Below are some entries. Transcribe the lines from the one holding "Mediabay.uz - Онлайн" to the one holding "卫生间整体设计风格用简约的线条，灵活通透的设计打造精致实用的温馨小家。", inclusive, but not the pictures among them.
======== Exercise data
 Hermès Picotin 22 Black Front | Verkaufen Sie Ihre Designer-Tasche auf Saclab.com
================
======== Exercise data
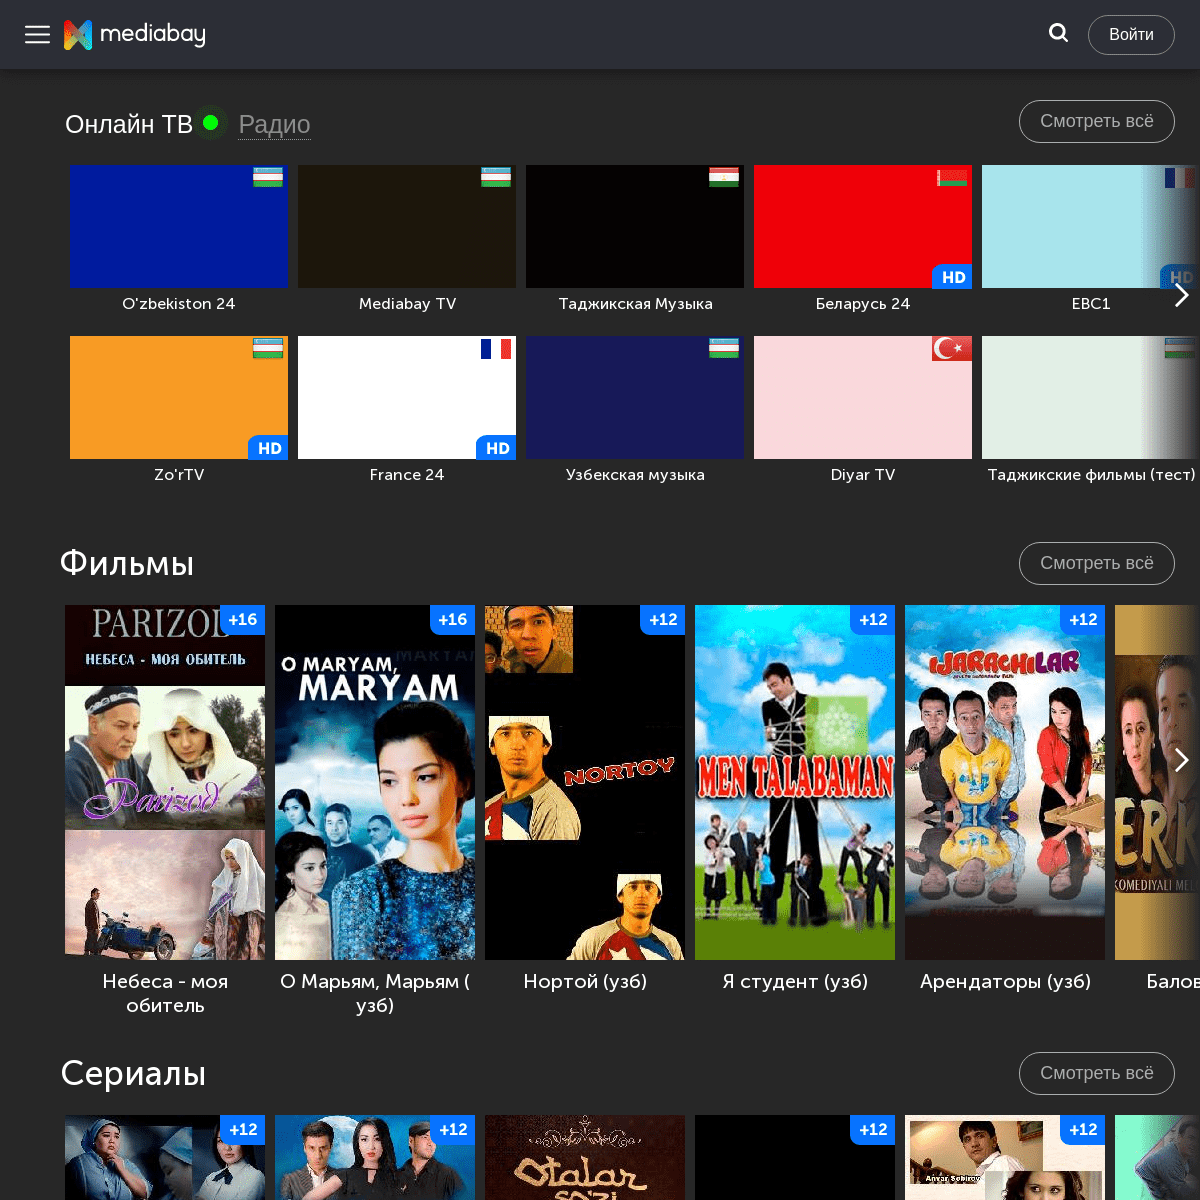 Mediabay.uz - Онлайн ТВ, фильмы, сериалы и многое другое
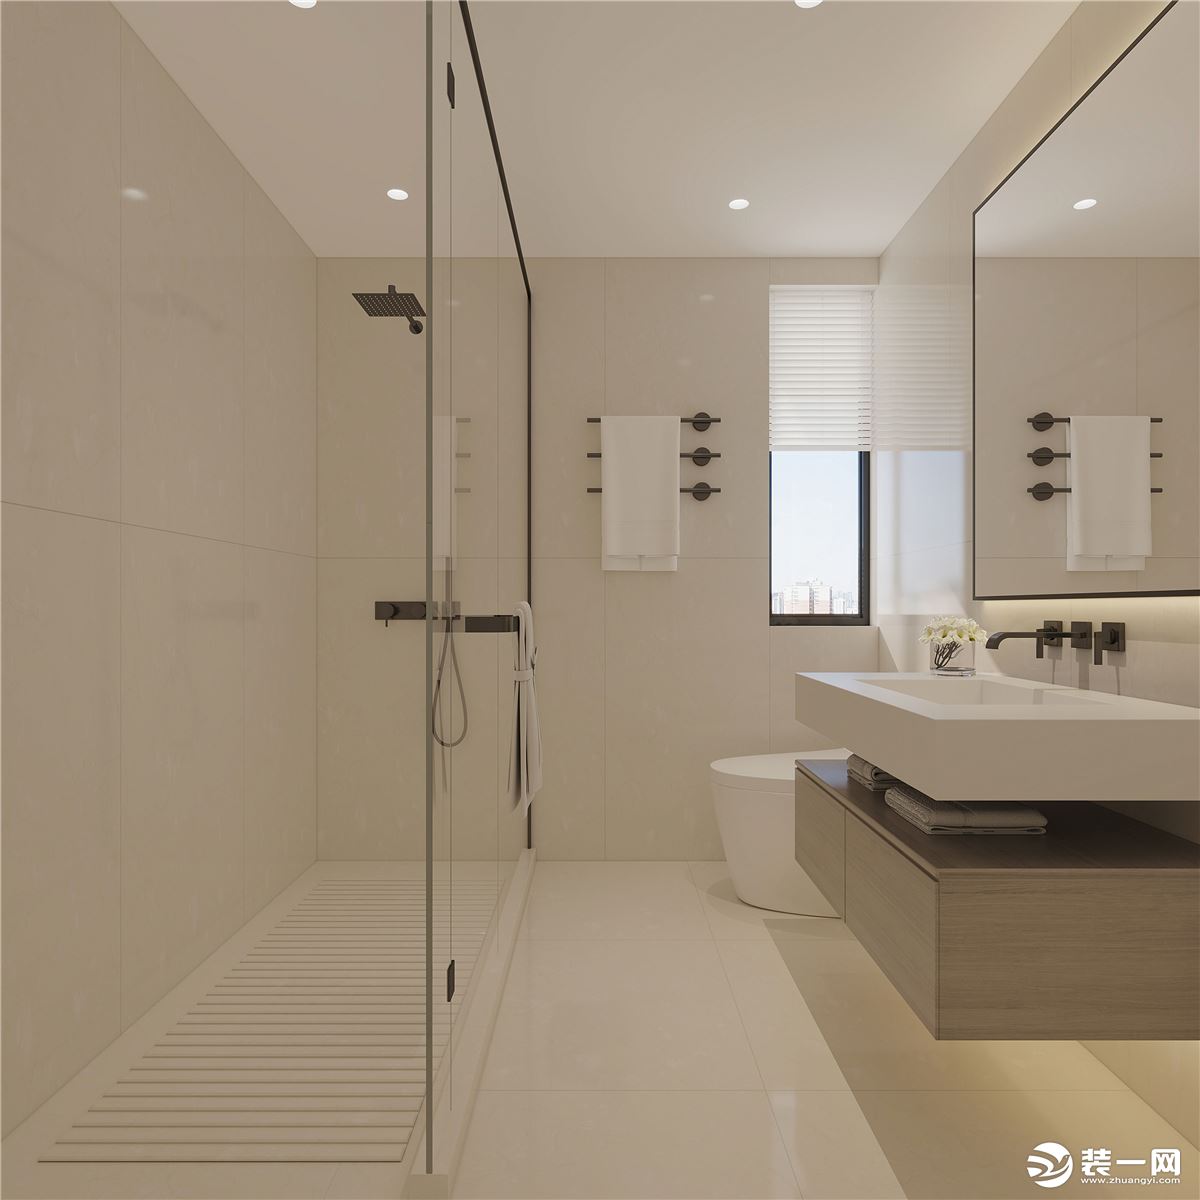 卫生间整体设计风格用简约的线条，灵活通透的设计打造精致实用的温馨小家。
================
**Output below:**
 Mediabay.uz - Онлайн ТВ, фильмы, сериалы и многое другое
 卫生间整体设计风格用简约的线条，灵活通透的设计打造精致实用的温馨小家。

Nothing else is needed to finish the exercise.